Section 4. Prohibited Affiliate Marketing Tactics
Publishers may not:
1. Use “bots” to generate fake profiles that link to any Advertiser’s page.
2. Use adware, spyware, or any kind of “–ware” without prior written approval from Vault Media Inc.
3. Any sales generated through impermissible tactics will not be considered valid Actions (Vault Media Inc. can use its sole discretion to determine whether an action is against the terms of the Advertisers Insertion Order and will notify Affiliate in writing if actions are to be removed)
4. Promote Offers via any type of Interactive Voice Response (IVR) mechanisms.
5. Use craigslist traffic without prior written consent from Vault Media Inc.
Section 5. Detection of Fraud or Deceptive Leads/Actions
No Publisher shall generate, or attempt to generate Actions through any method considered to be illegal, unethical or deceptive in Vault Media Inc. reasonable discretion. Vault Media Inc. reserves the right to use a number of methods to flag Publisher accounts for possible fraudulent practices including, without limitation:
– monitoring sites that solely have click programs generating clicks with no indication that, based upon site traffic statistics, the site has the ability to sustain the clicks reported;
– discovery of fraudulent leads as determined by Vault Media Inc. or its advertisers,
– monitoring of websites and leads for use of fake, misleading or mislabeled redirects or automated software to generate clicks or leads from other programs,
– leads submitted with real user information which compromises data validation systems and call center verification,
– form filling leads that are irrelevant or have been recycled from other campaigns,
– traffic in which the location and header information was manipulated in order to form-fill leads that appear to be coming from numerous visitors,
– traffic generated with the knowledge that it was outside of the agreed upon terms set by the advertiser,
– traffic driven to a campaign where incentives were offered in exchange for a user’s information.

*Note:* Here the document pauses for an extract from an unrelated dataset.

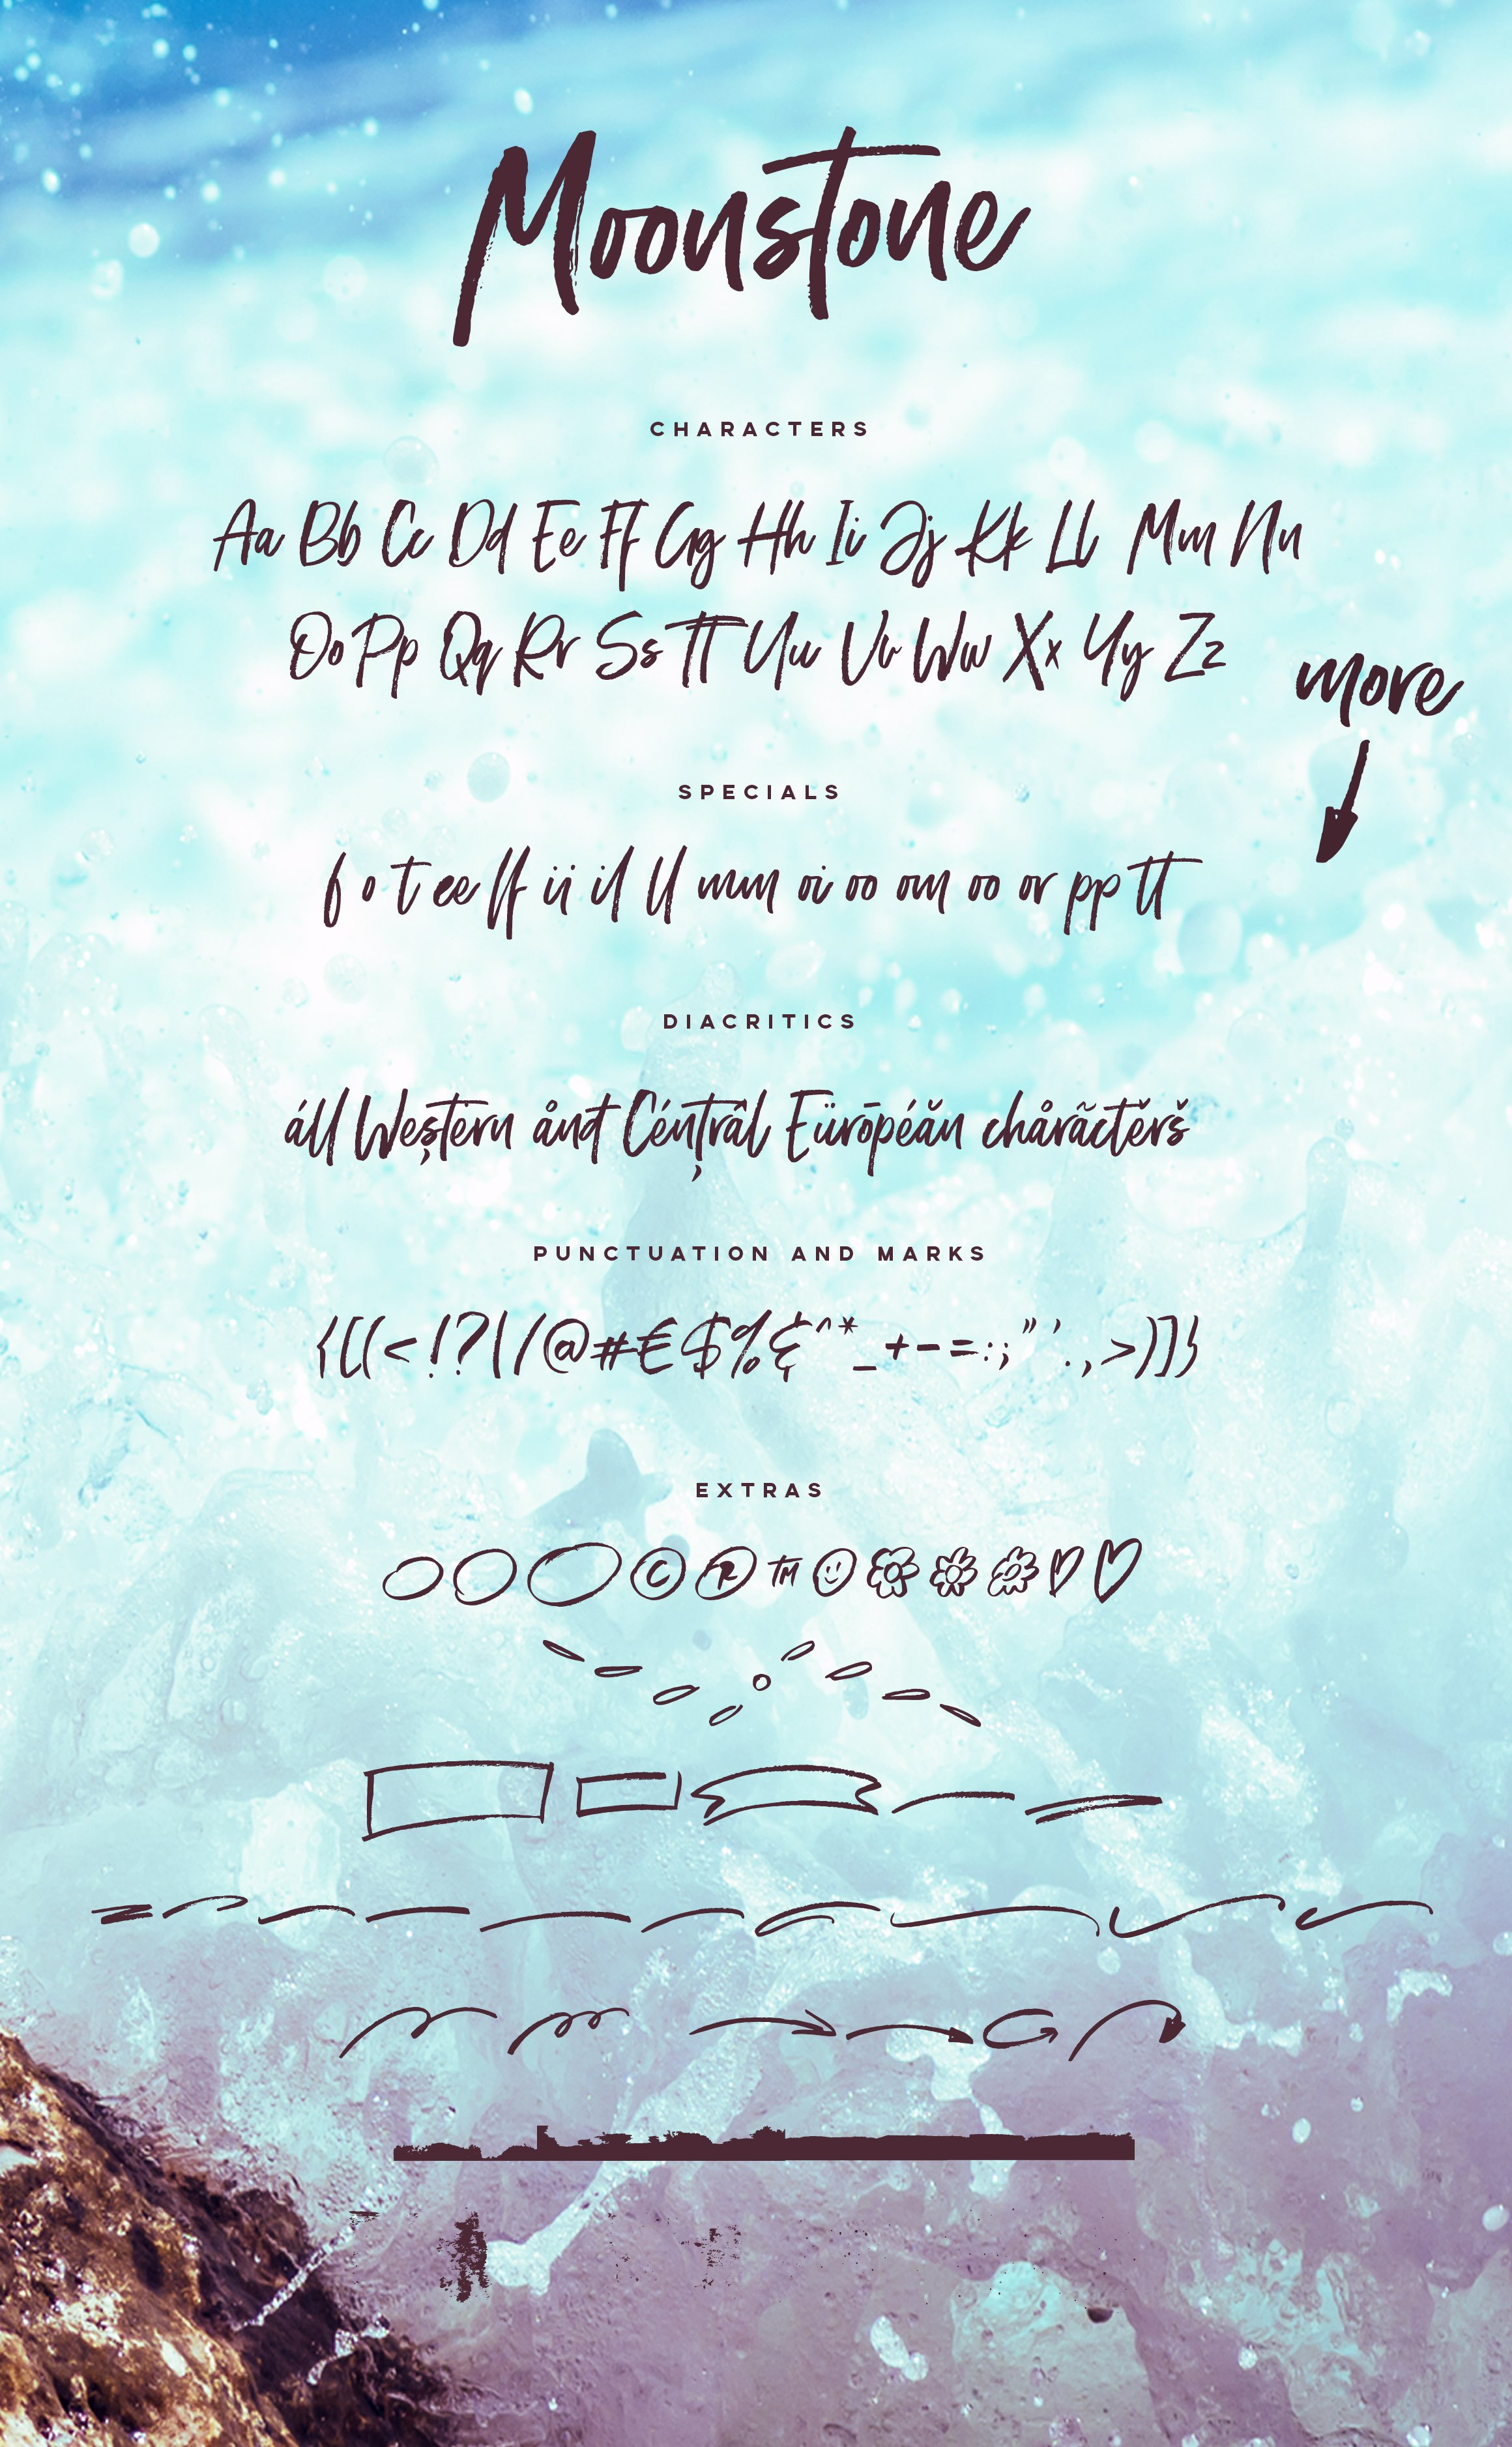 Moonstone Brush Font Script Fonts Creative Market Pro

– multiple leads or conversions generated by proxy ip addresses
Section 6. Incentive and “Get Paid To” Sites
Any publishers who wish to send incentivized traffic or any type of traffic from GPT sites or traffic that rewards users for completing an action must obtain written approval through email from their affiliate manager. Vault Media Inc. in their sole discretion reserves the right to block any publisher account who is deemed to be running this type of traffic without prior written approval from Vault Media Inc. or to offers that do not allow incentive traffic. If a publisher is approved to run incentive traffic on Vault Media Inc. they will only receive access to the approved incent offers that allow the incentive traffic as indicated by their affiliate manager. If publishers are believed to be running incentive traffic without permission, or to offers that do not allow incentive traffic their account will be immediately blocked and all commissions in that account may be removed.
By joining our network, you affirm and acknowledge that you have read this Agreement in its entirety and agree to be bound by all of its terms and conditions. If an individual is accessing this Agreement on behalf of a business entity, by doing so, such individual represents that they have the legal capacity and authority to bind such business entity to this Agreement.
Severability. The invalidity or unenforceability of any provisions of this Agreement shall not affect the validity or enforceability of any other provision of this Agreement, which shall remain in full force and effect.